Opinion - E-mail received by
the Closet Atheist
Received 12.02.2000
Dear Closet Atheist,
I'll start by telling you that it took me about 4 years to come to the conclusion that a god existing is ridiculous. I think about it all the
time. I think people made up religion to 1) explain the unexplained, and 2)
for security. To explain the second one, I believe that people made up
religion, or at least the heaven and hell aspects of it, because they
do not want to accept the death of a loved one, that they will see them when
their life ends. Now, I will tell you, I had one of my closest friends die
in September (I had made the decision that god did not exist before this
happened). I would love to tell myself I will see her again, but that
fact is that I will not. I do not want to accept this, but I must. I will
not
stand for a false sense of security.
To get to my main point, I think people will look down upon me if
I let my views be known. I have friends who I like very much, heated arguments
could occur. But, keeping this all in really boils me up. People are
so wrong, so stupid, so egotistical, it bugs the hell outta me, and I know
I can never change their views. I don't know how much longer I can keep
it in before I just bust out in public once someone makes a reference to
their faith in god.
Any help or comments?
Much appreciated,
Will
My Reply:
Will,
It is easy to believe in God. It is comforting and makes us feel important. Who doesn't want to believe that we are the creator of the universe's most cherished creatures! The entire universe, billions and billions of stars, was created just for Christians, a fraction of the people on a single planet! We will live forever! When you die, things will just get better!

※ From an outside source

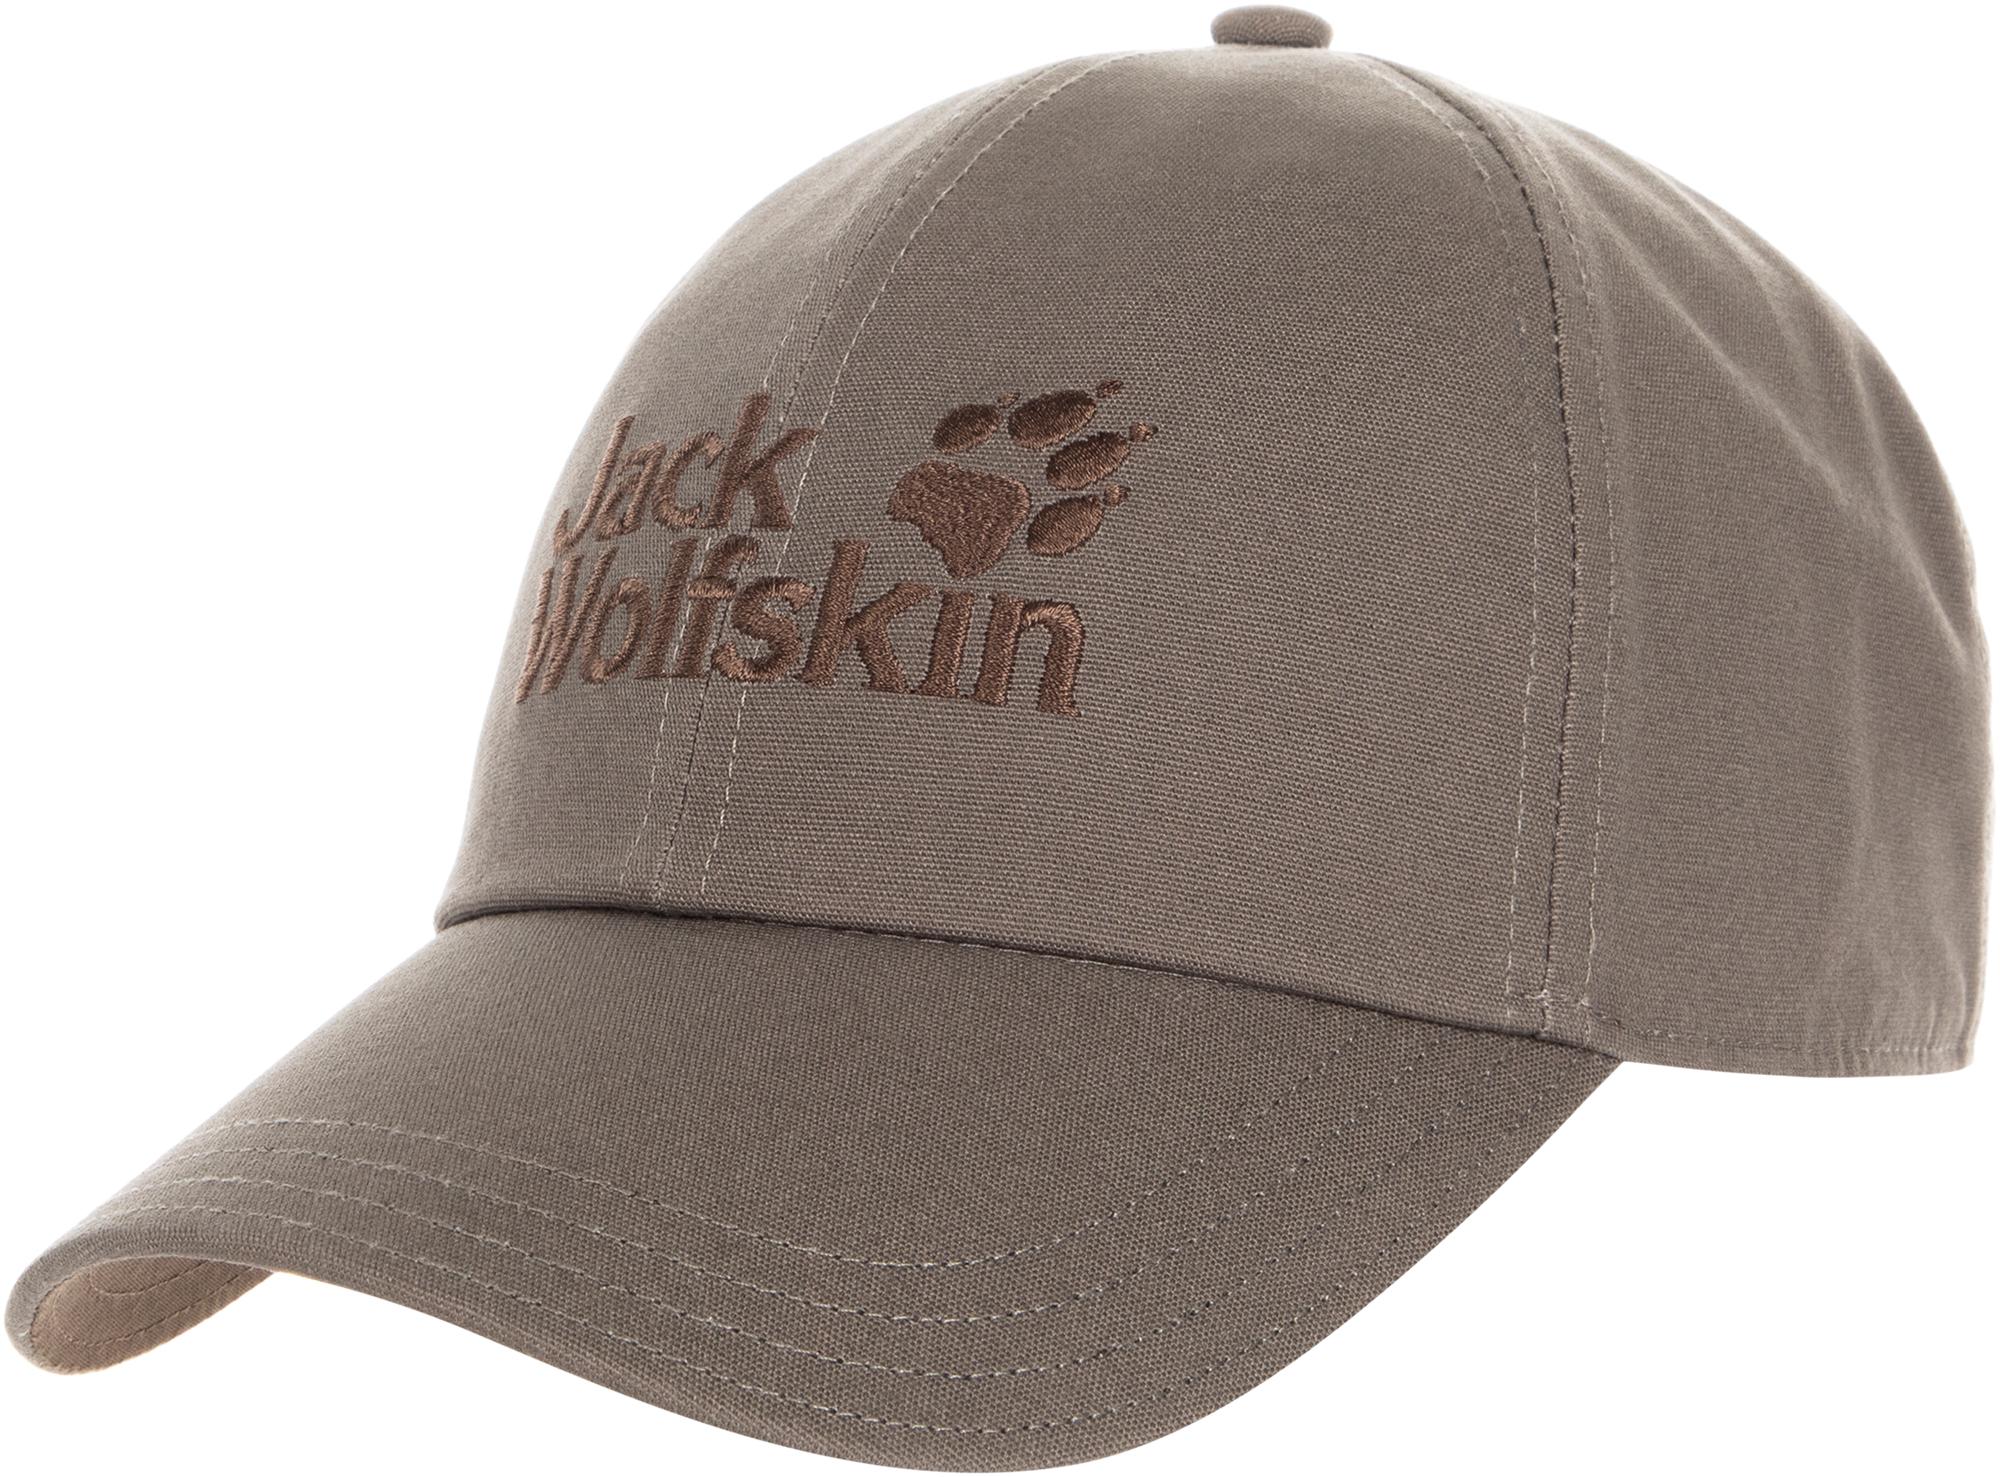 JACK WOLFSKIN Бейсболка Jack Wolfskin, размер 54-57 кепка jack wolfskin supplex canyon cap цвет молочный 1905891 5505 размер l 57 60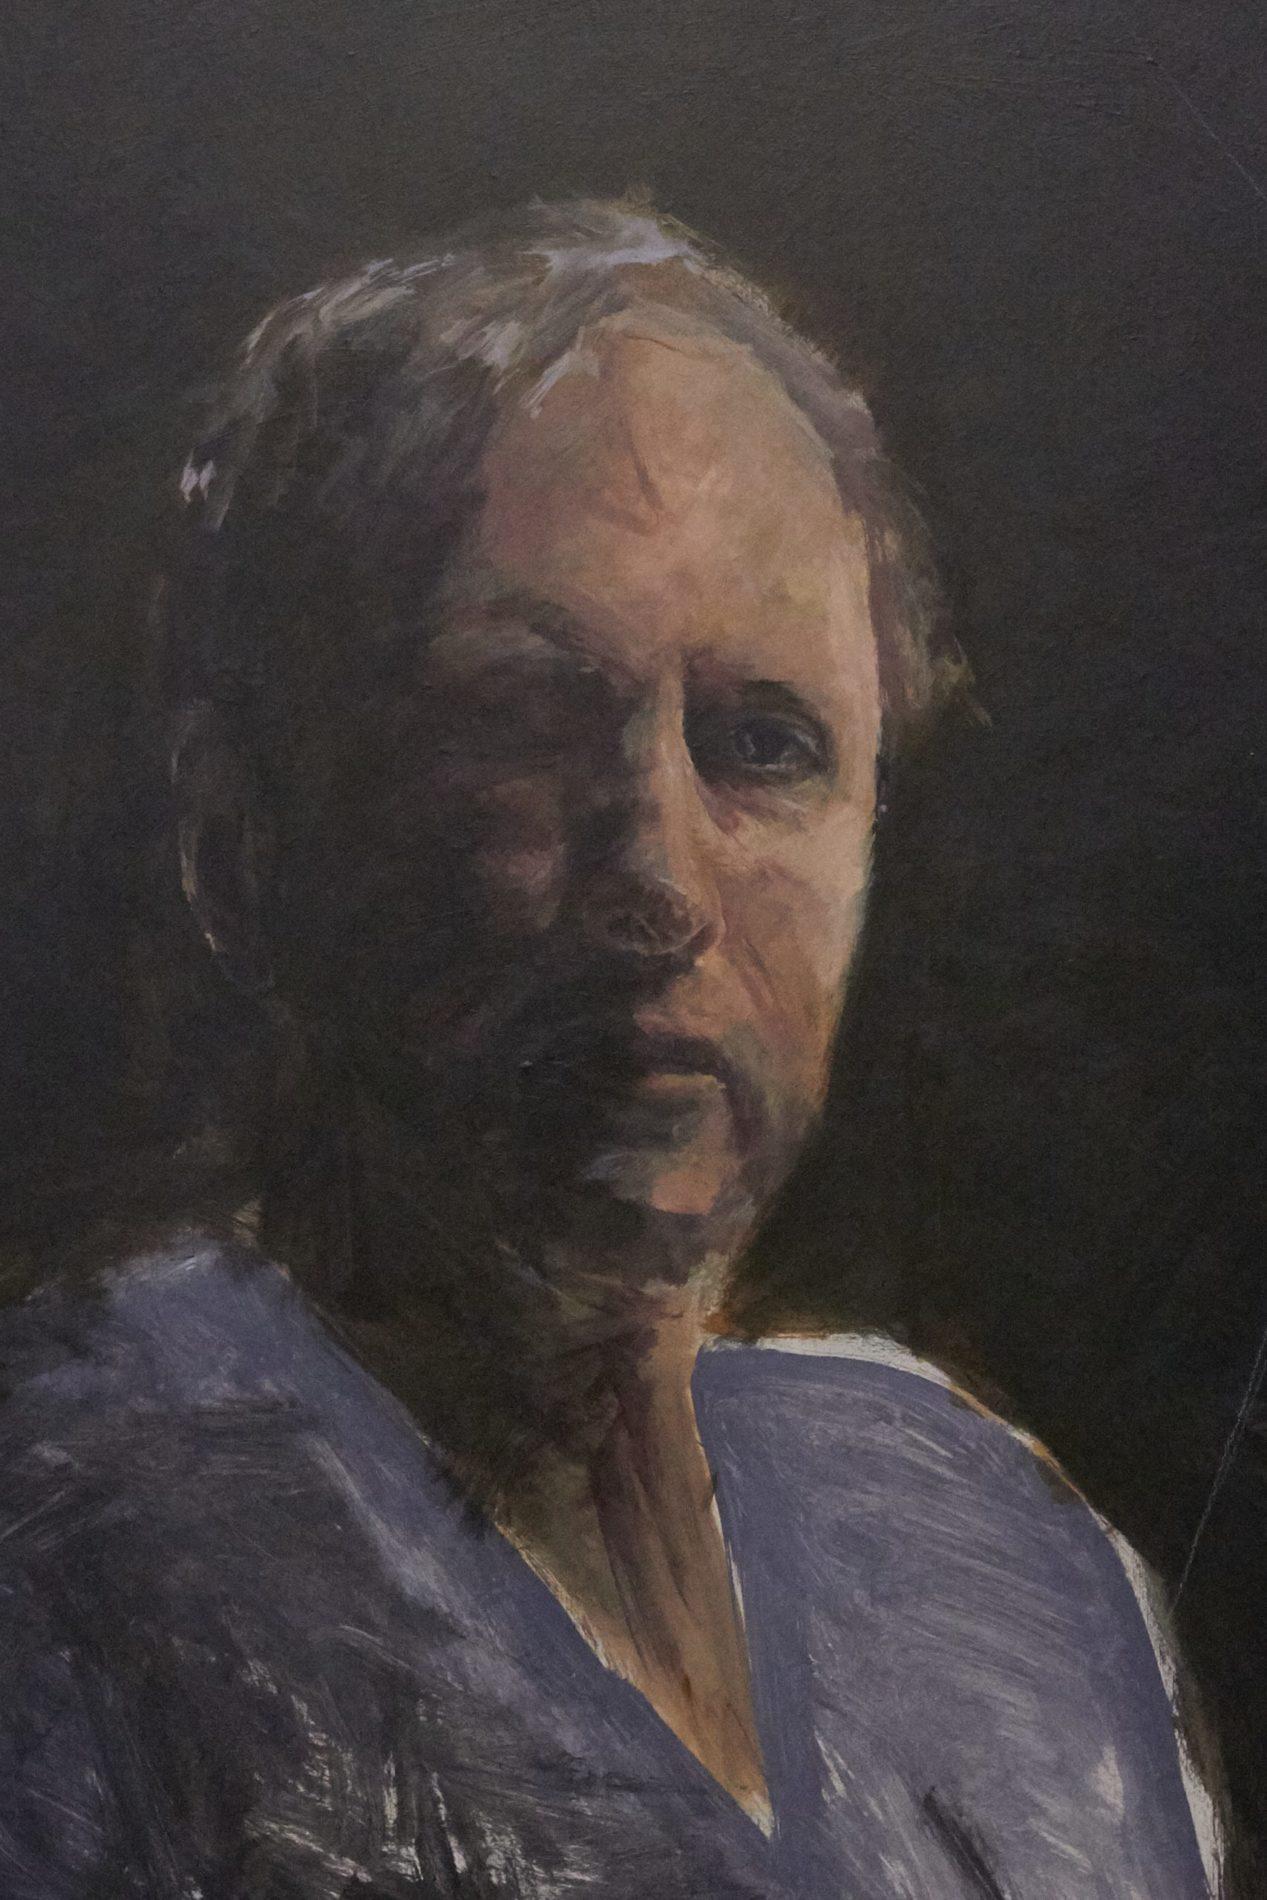 Jeroen Self Portrait - Process-10. ©Jeroen Carelse

On the few occasions were I have tried to comfort someone who has lost a loved one, I have had to fight the compulsion to tell them that things are better for the departed. It is a difficult time and there is
nothing one can say that will be comforting. You know first hand how such a tragic event causes one to turn to hope for the afterlife.
As far as the problem with your friends, let your feelings be your guide. Religion or lack of it, is a very personal thing. Announcing your
ideology to casual acquaintances may make them uncomfortable and some of them may take it as a challenge to convert you.
It is not necessary to declare you are an atheist to speak your mind accurately. For example, if someone tells you about a miracle they heard about, point out what really might have happened other than divine intervention.
For people you are close with, examine your motives. Do you want to tell them so you can be openly critical of their beliefs? If so, you're better off not saying anything.
If you want to tell them because keeping it a secret makes you feel insincere, then it is probably the right thing to do. Let them know that you have something important to say and be honest about your fear that it will hurt your friendship. Tell them that you respect their beliefs and hope they can respect yours.
One last thing, don't let others' religious beliefs make you angry. You are right that you will probably never change anyone's views, but a soft spoken, respectful critic is less likely to receive a defensive response.